■ DATA TO USE:

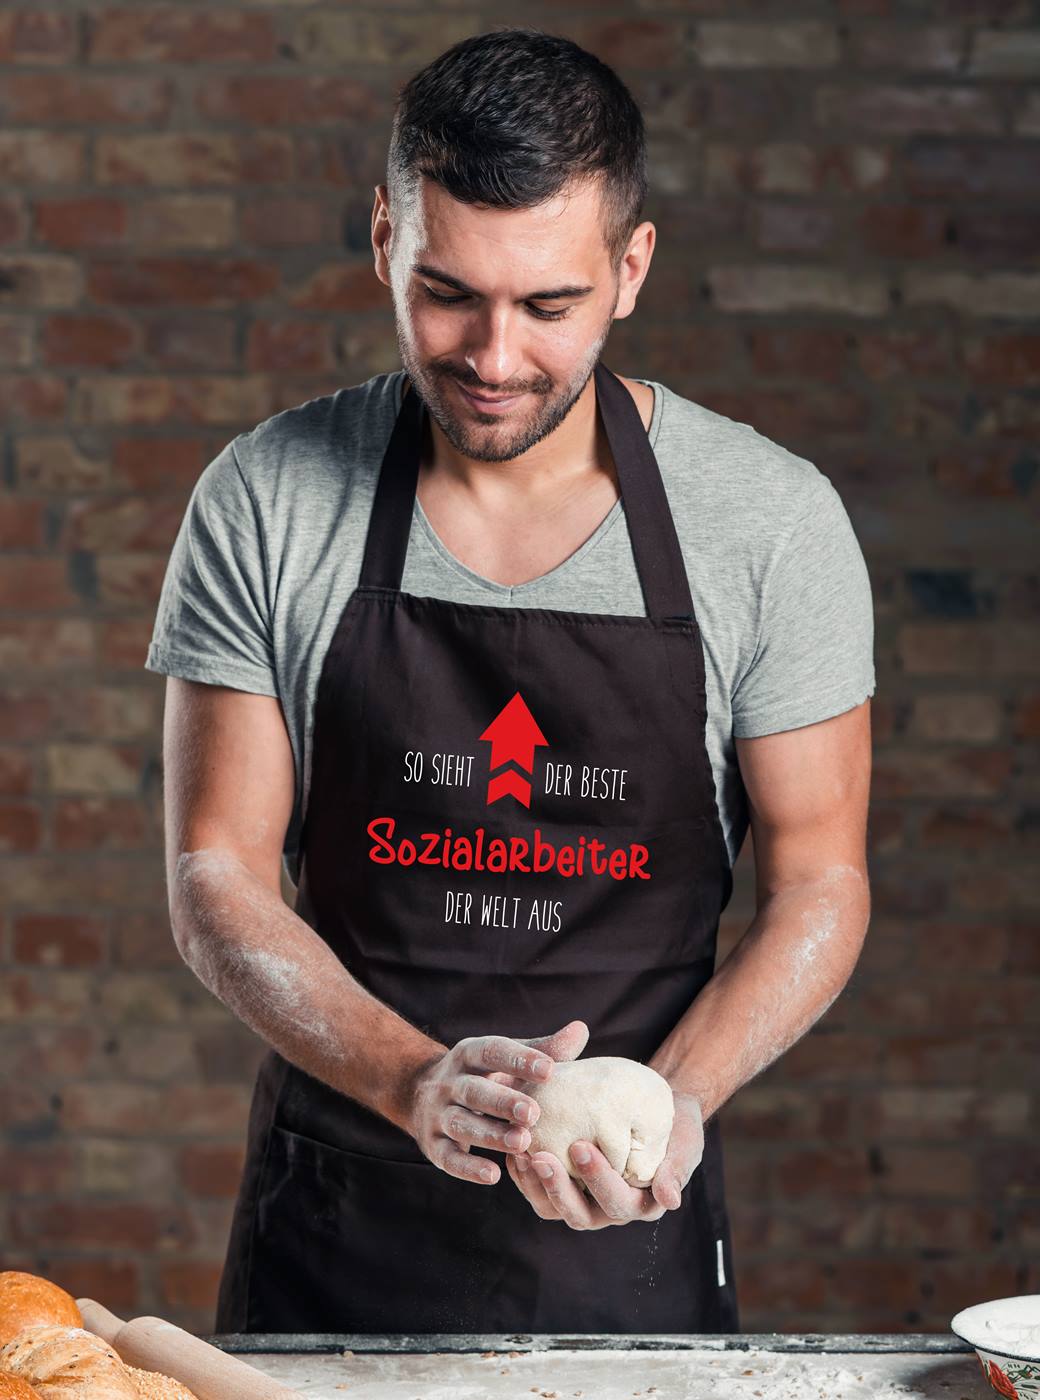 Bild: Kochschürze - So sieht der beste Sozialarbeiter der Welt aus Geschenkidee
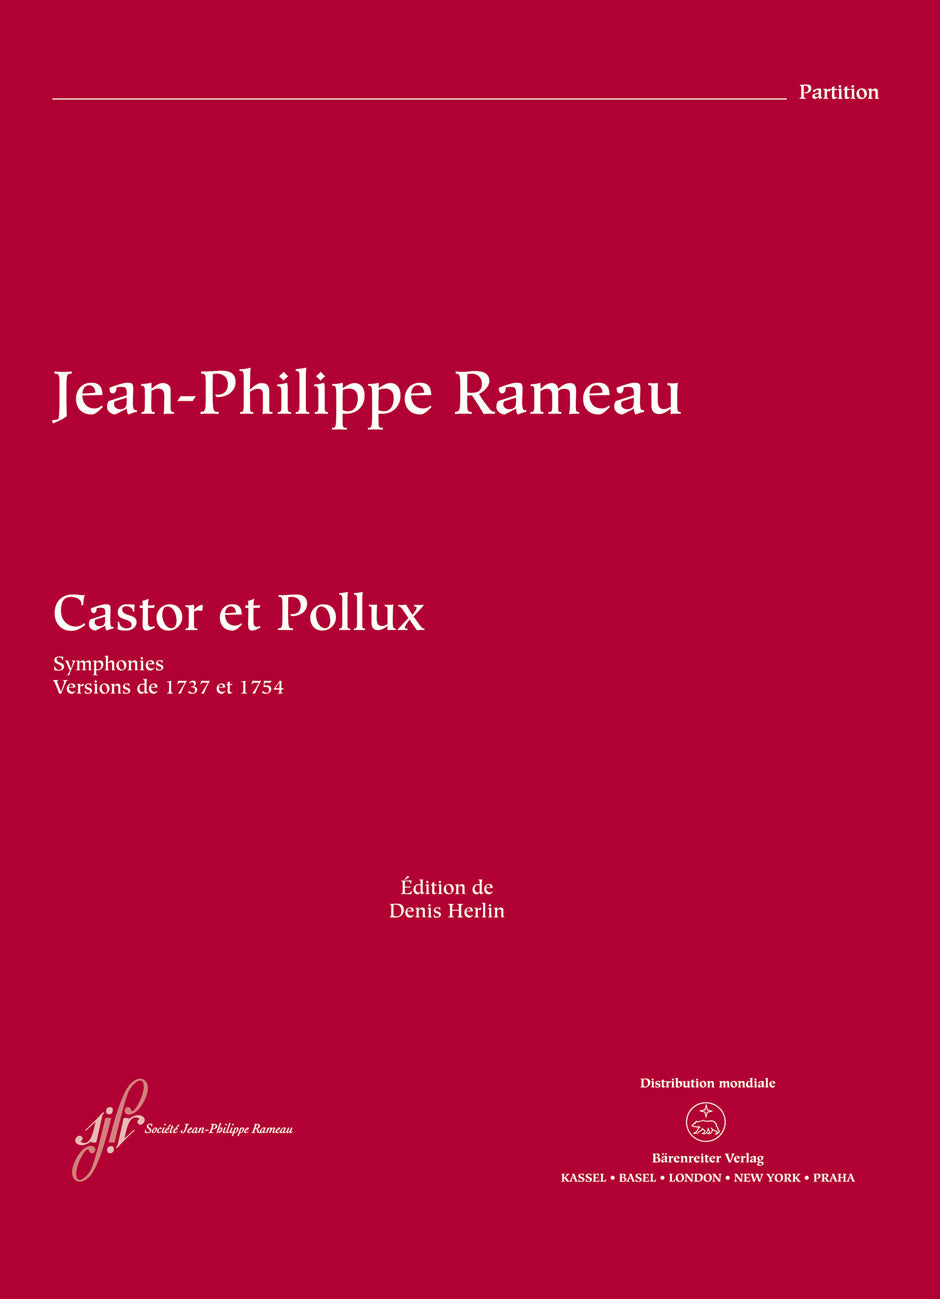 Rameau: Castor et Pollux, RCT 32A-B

---

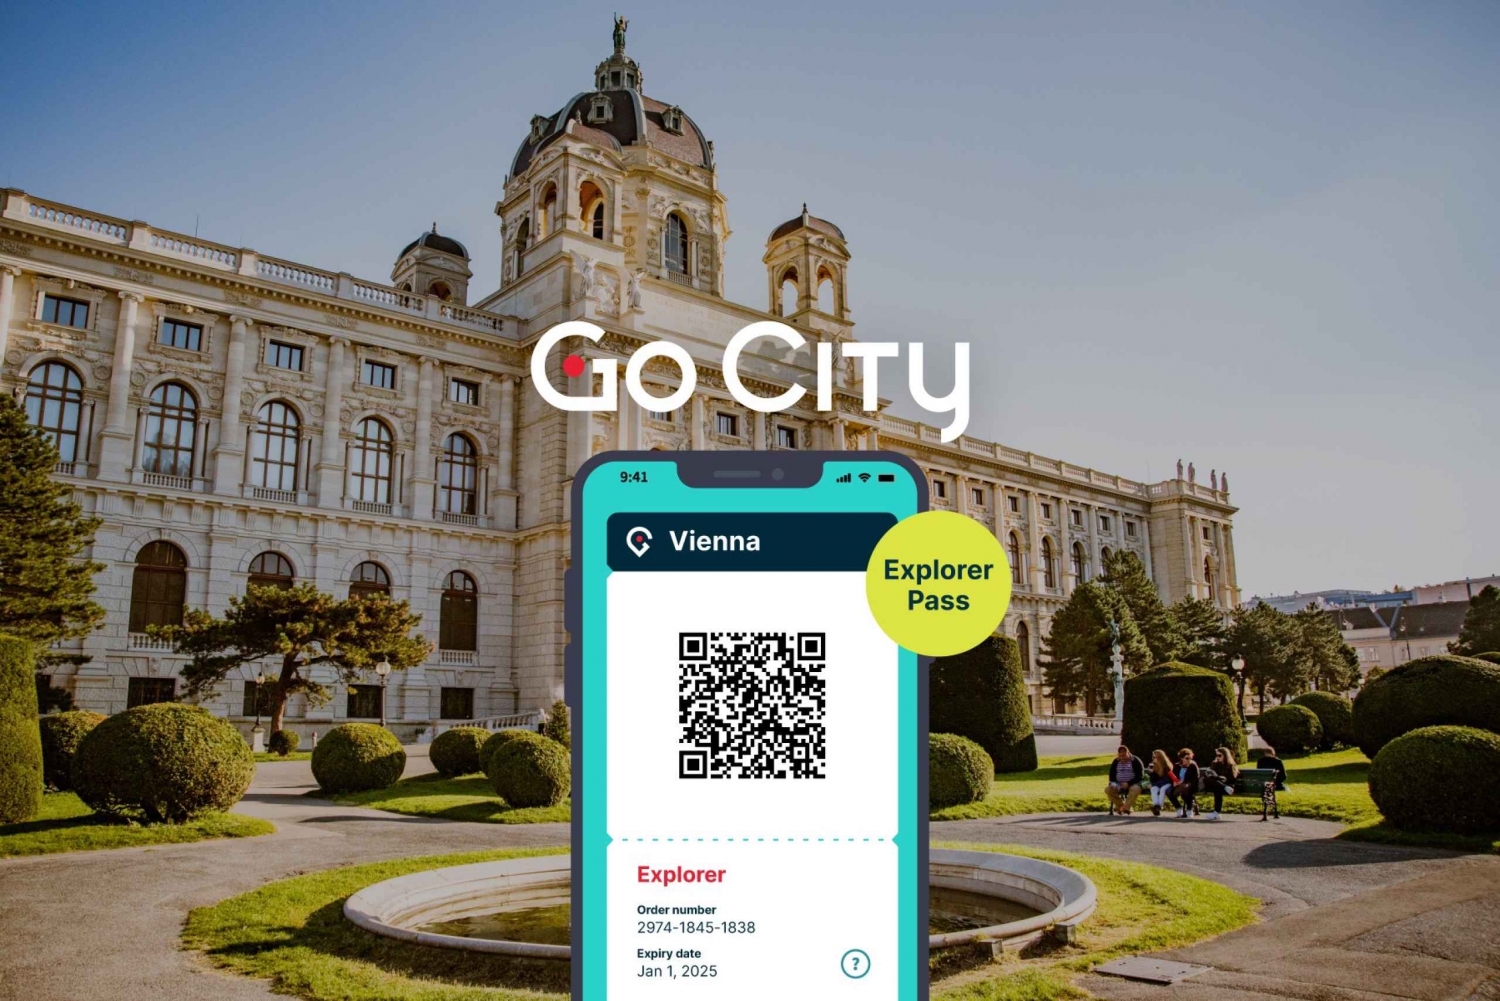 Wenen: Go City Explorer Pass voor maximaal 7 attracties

==

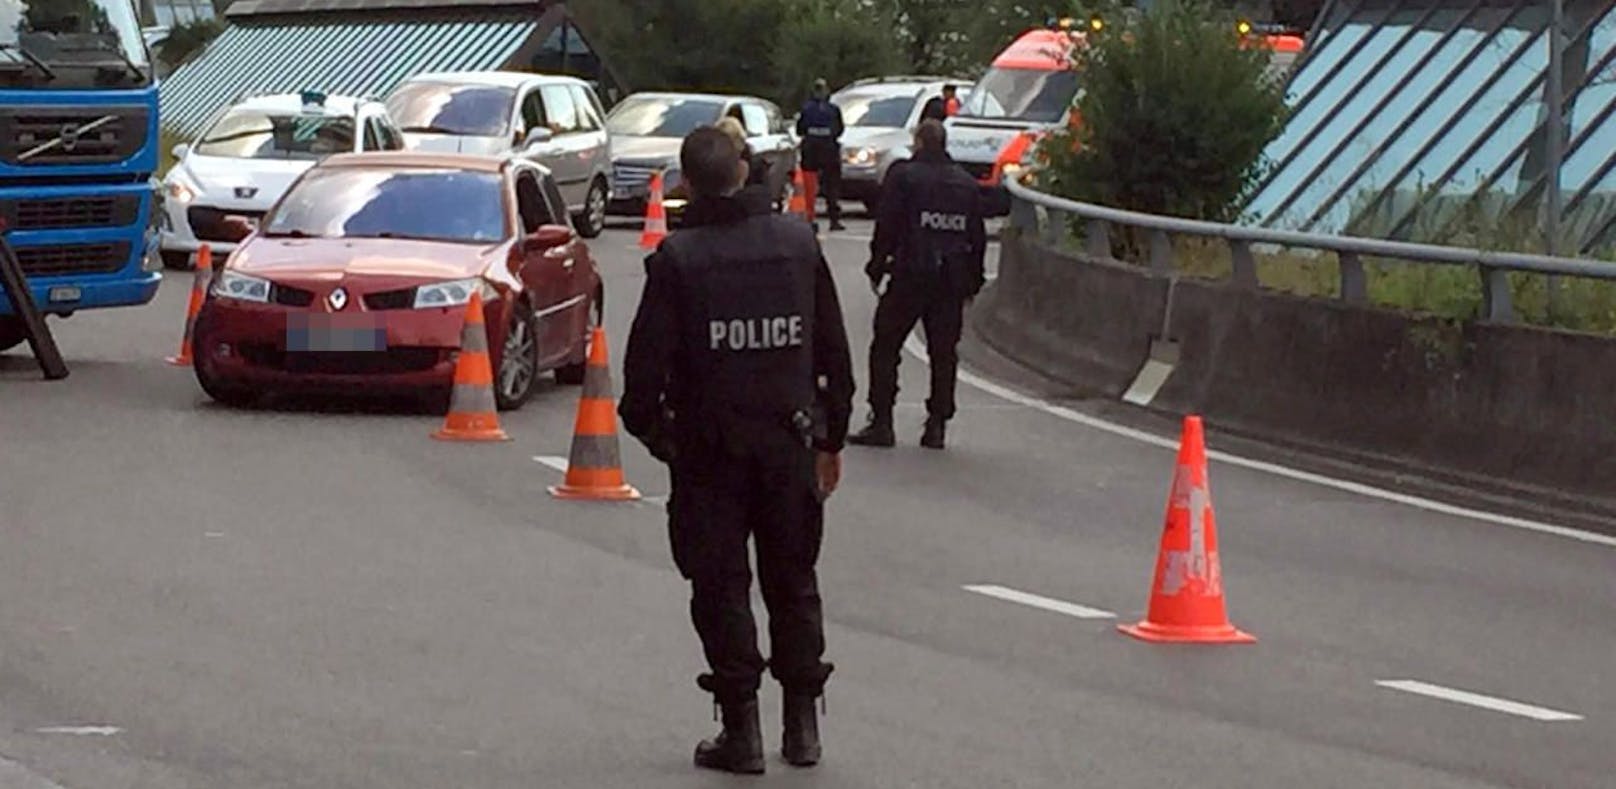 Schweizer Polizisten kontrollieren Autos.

■ EXERCISE: Take the material above from the line bearing "Bild: Kochschürze - So" through the line bearing "Rameau: Castor et Pollux, RCT 32A-B" and write it out exactly, both end lines included. Pictures stay out.

■ SOLVED EXERCISE:
 Bild: Kochschürze - So sieht der beste Sozialarbeiter der Welt aus Geschenkidee
 Rameau: Castor et Pollux, RCT 32A-B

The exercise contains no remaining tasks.